Algérie, la valse des patrons de la police

17/02/2019 – Nicolas Beau

En retraite depuis 2016, Abdelkader Kara Bouhadba vient d’être nommé à la tète de la puissante Direction Générale de la Sûreté Nationale (DGSN), où il remplace le colonel Mustapha Lahbiri, nommé il y a huit mois seulement.

Alors que les prévisions vont bon train sur un embrasement général de l’Algérie, sur fond de manifestations, le patron de la police, Mustapha Lahbiri, vient d’être écarté voici quatre jours. Les flottements constatés sur le terrain sont-ils la conséquence de ces changements au sommet? On assiste à une désorganisation des forces de l’ordre, qui contrairement à leur habitude, semblent totalement passives face aux manifestants qui s’en prennent violemment au pouvoir.

L’intouchable général Hamel

Dans le climat délétère que connait l’Algérie, où les chefs sécuritaires se livrent la guerre, les raisons de la mise à l’écart du patron de la police restent en partie mystérieuses. Voici un an seulement, Mustapha Lahbiri, un ancien moudjahid de près de 80 ans et vieux compagnon de route du Président Bouteflika, avait été choisi pour remplacer le puissant général Abdelghani Hamel, pourtant protégé par le clan Palais de Zéralda. Mais sa tète avait été obtenue, en juillet 2018, par l’incontournable chef d’état major, Gaïd Salah, qui l’accusait de comploter contre lui.

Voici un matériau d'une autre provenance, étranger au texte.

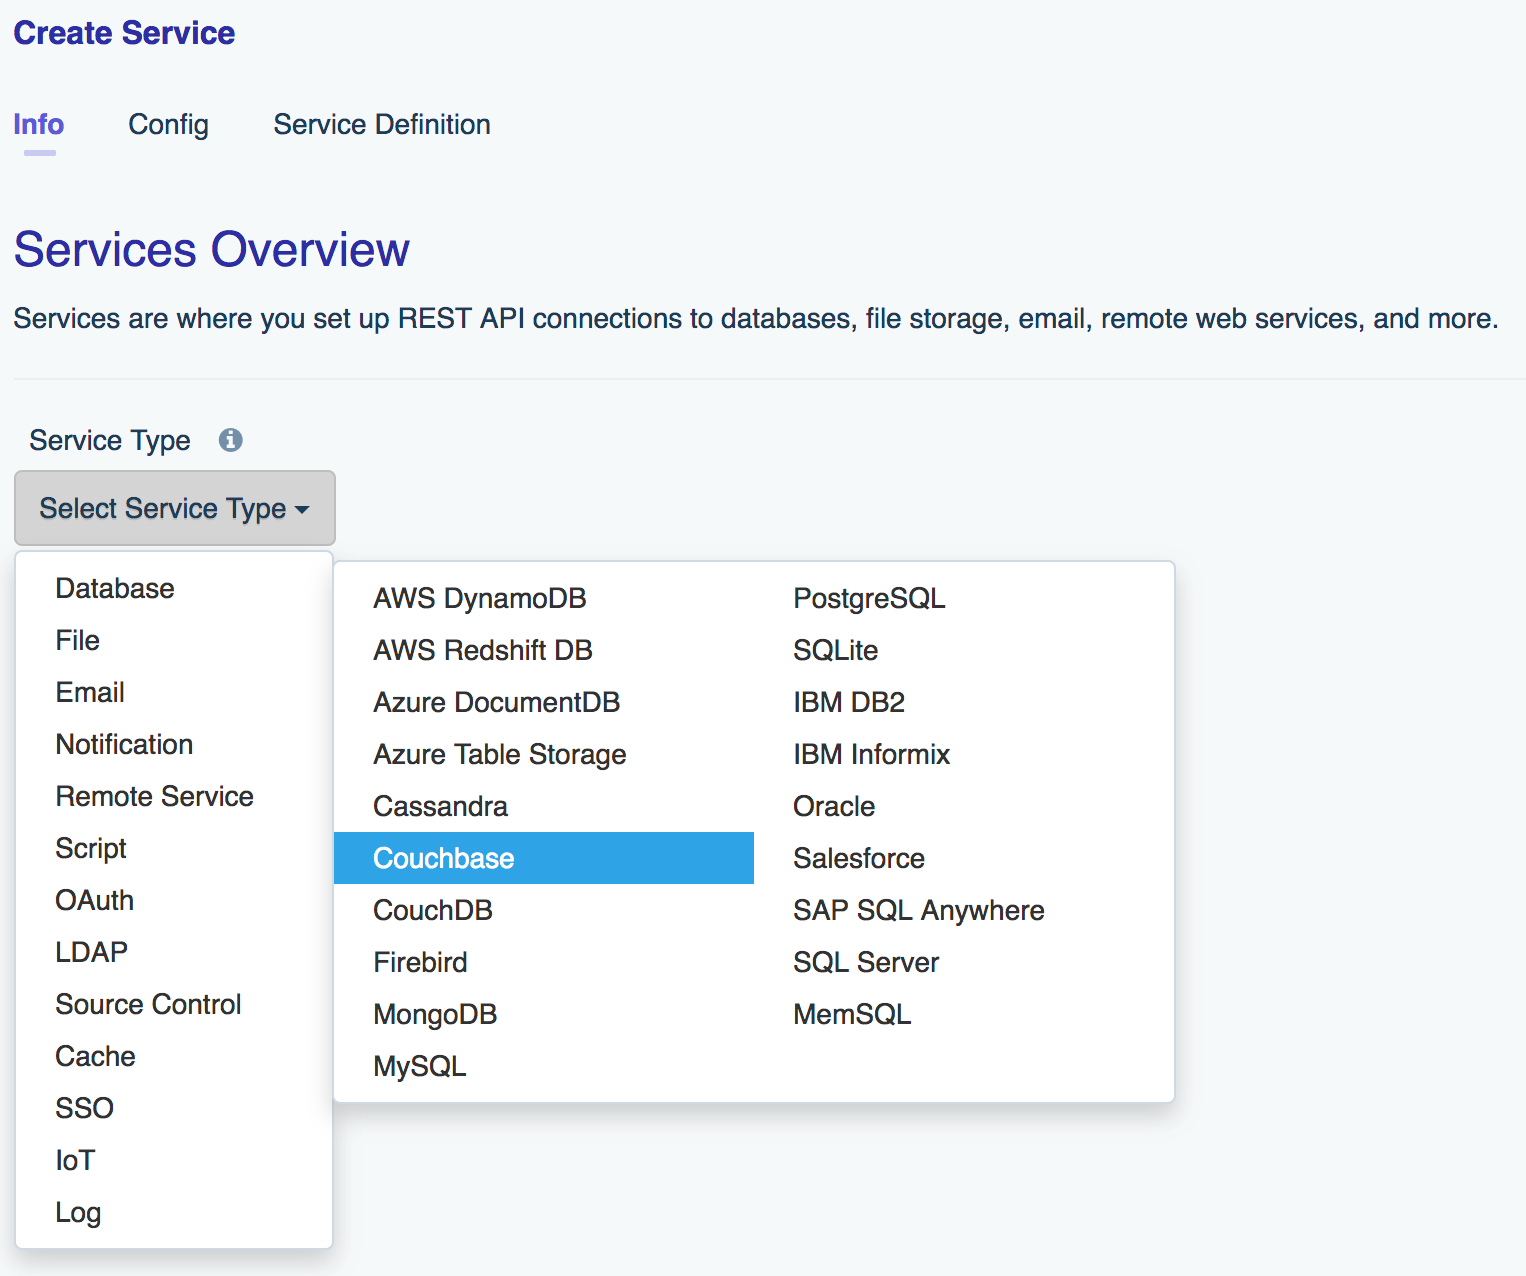 Select the Couchbase database service

L’annonce du départ du général Hamel avait provoqué une onde de choc à Alger, tant le général Hamel semblait intouchable. Ces dernières années, ce haut gradé avait obtenu des recrutements et des moyens considérable. Au point qu’il passait même pour un des successeurs possibles du président Bouteflika

Pourquoi écarter, huit mois plus tard, son successeur, le colonel Lahbiri, un ancien patron des pompiers vieilli sous le harnais et qui ne semblait devoir faire de l’ombre à personne?

L’ombre de Gaid Salah

Pourtant le vieux colonel n’est pas resté inactif. Dès son arrivée durant l’été 2018, Mustapha Lahbiri a multiplié les nominations, notamment parmi les chefs de sûreté dans le wilayas (préfectures). Fin décembre 2018, le nouveau remaniement qu’il envisageait au sein des fonctions d’encadrement policier est bloqué par le ministre de l’Intérieur, resté proche de la Présidence.

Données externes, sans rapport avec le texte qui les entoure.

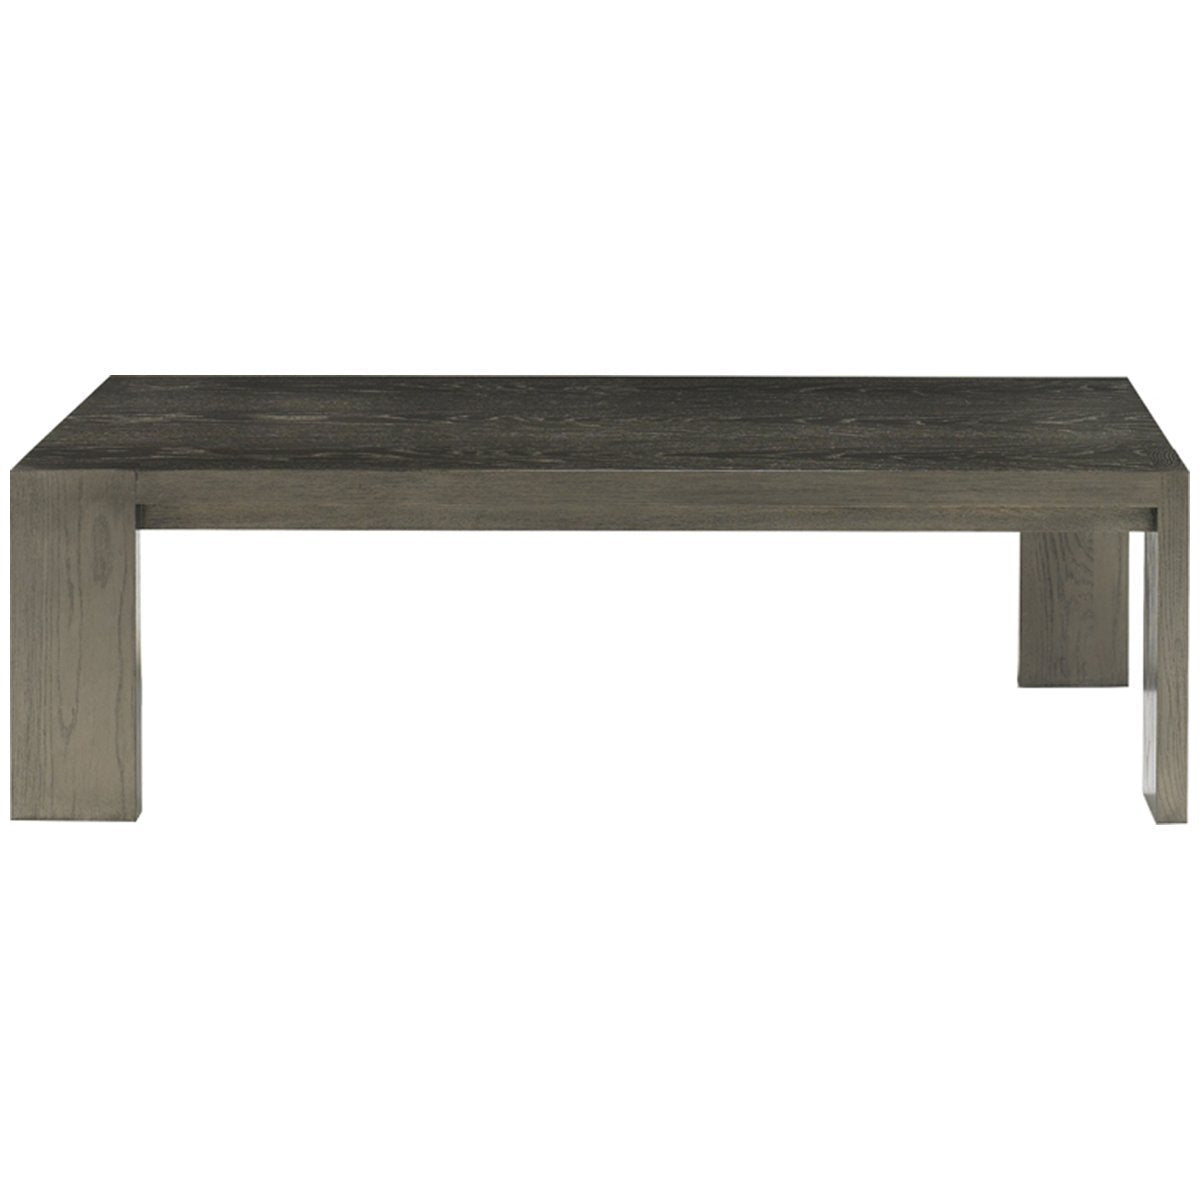 CTH Sherrill Occasional Flint Rectangular Cocktail Table

Ultime initiative qui n’a pas plus en haut lieu, le colonel Mustapha Lahbiri a décidé, ces derniers jours, de chasser les enfants du général Hamel de la somptueuse villa de fonctions que ces derniers occupaient encore à Alger. De là à le soupçonner de rouler pour le chef d’état major, Gaïd Salah, il n’y a qu’un pas que certains pourraient bien avoir franchi.

Si un accord constant règne au sommet de l’Etat entre le général Gaïd Salah et un Président Bouteflika diminué, leurs entourages respectifs se livrent à des luttes féroces d’influence au sein des forces sécuritaires dans une sorte de feuilleton quasi quotidien. Chaque camp place ses pions et prépare les affrontements futurs, lorsque le chef d’état à bout de forces aura enfin renoncé au pouvoir.

L’appel au professionnalisme

Le changement à la tète de la police pourrait répondre à de banales raisons d’efficacité. Le nouveau patron de la DGSN, Abdelkader Kara Bouhadba, qui avait pris sa retraite en 2016, passe pour un grand professionnel, sans préférences partisanes, y compris chez certains opposants au régime du clan Bouteflika.

Compte tenu de la fébrilité qui règne en Algérie, beaucoup sont prèts à saluer l’arrivée d »un vrai spécialiste de l’ordre public qui ne devrait pas chômer dans les semaines qui viennent.